Рита молча улыбалась мне, не меняя напряженной, алертной позы, готовая вскочить, броситься навстречу… Но не в классе же. Этот замерший порыв отразился в блеске черных девичьих глаз и в нежном румянце, тронувшем гладкие щеки Сулимы.
Звонок на урок едва пробился сквозь гомон, и я плюхнулся на стул рядом с Ритой.
— Привет!
По-моему, мне удалось вместить в одно слово всё, что я чувствовал к этой девушке. Или мне почудилось? Нет, нет — ресницы напротив затрепетали, раздувая черный огонь, и девушка легонько, на секундочку прижалась ко мне. Взглянула смущенно — и зарделась.
— У меня уши красные, наверное? — тихонько спросил я.
— Угу! — смешливо отозвалась Рита, поднимая холмики щек. — Но мои все равно ярче!
Близняшки, возившиеся на передней парте, разом обернулись.

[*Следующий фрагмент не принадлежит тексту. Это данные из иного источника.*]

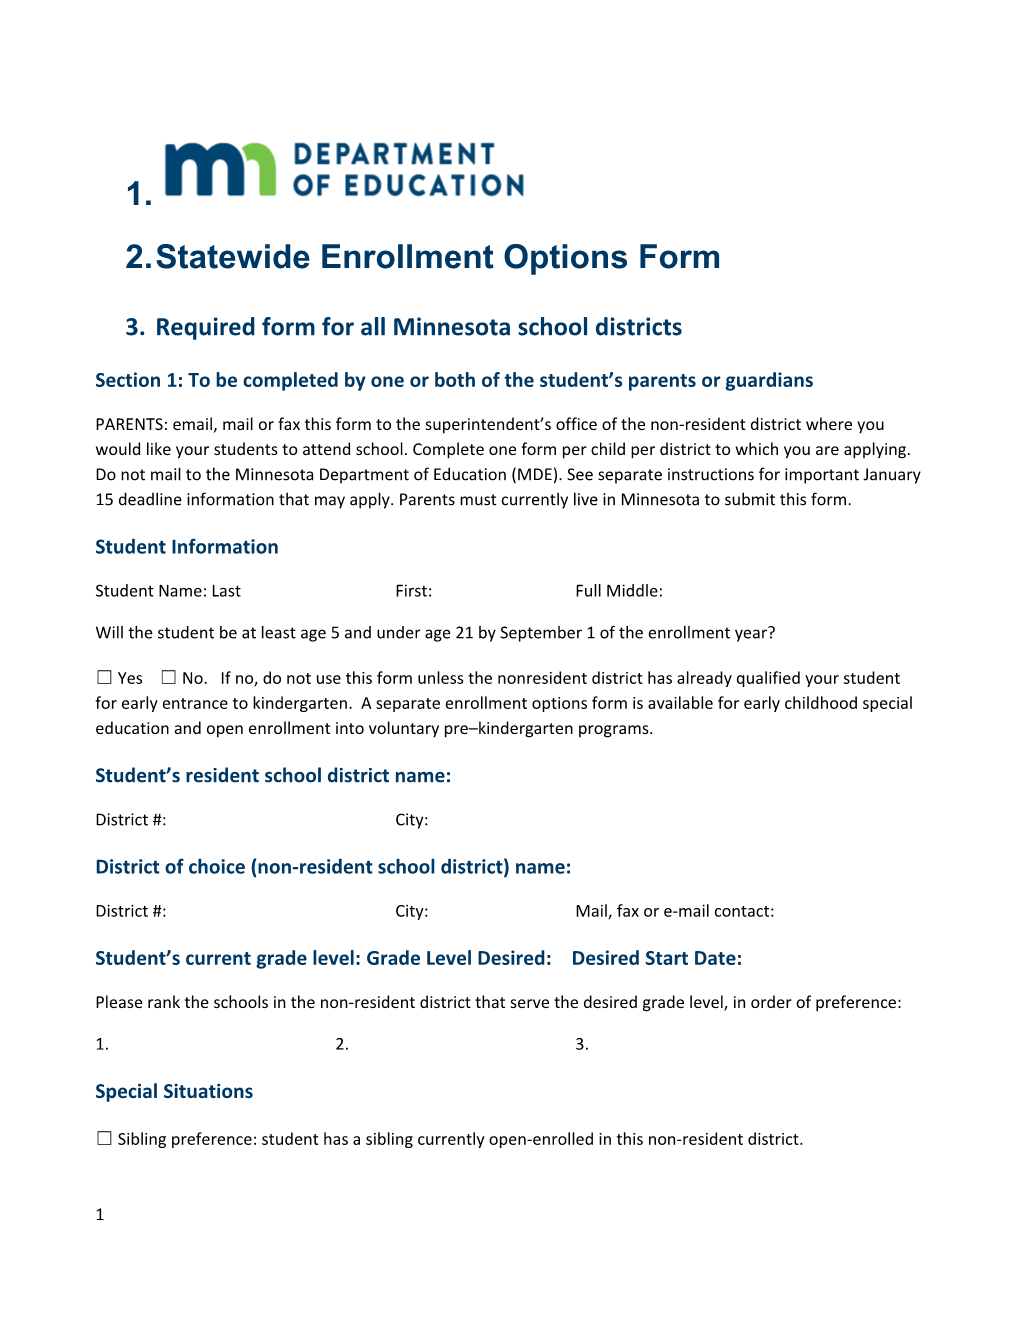 Required Form for All Minnesota School Districts

— Житие мое… — пробормотала Светлана с беспечальным вздохом. — Вы такие красивые…
— Оба! — тряхнула головой Маша. — Или обе? Как сказать?
— А как не скажи, — наметила Света улыбку, — всё верно…
— Да ну вас, — стесненно буркнул я, роняя ручку. — Обеих!
Кряхтя, сунулся под стол, косясь на Ритины коленки. Я едва дотянулся до «Пеликана», а вот гадский колпачок…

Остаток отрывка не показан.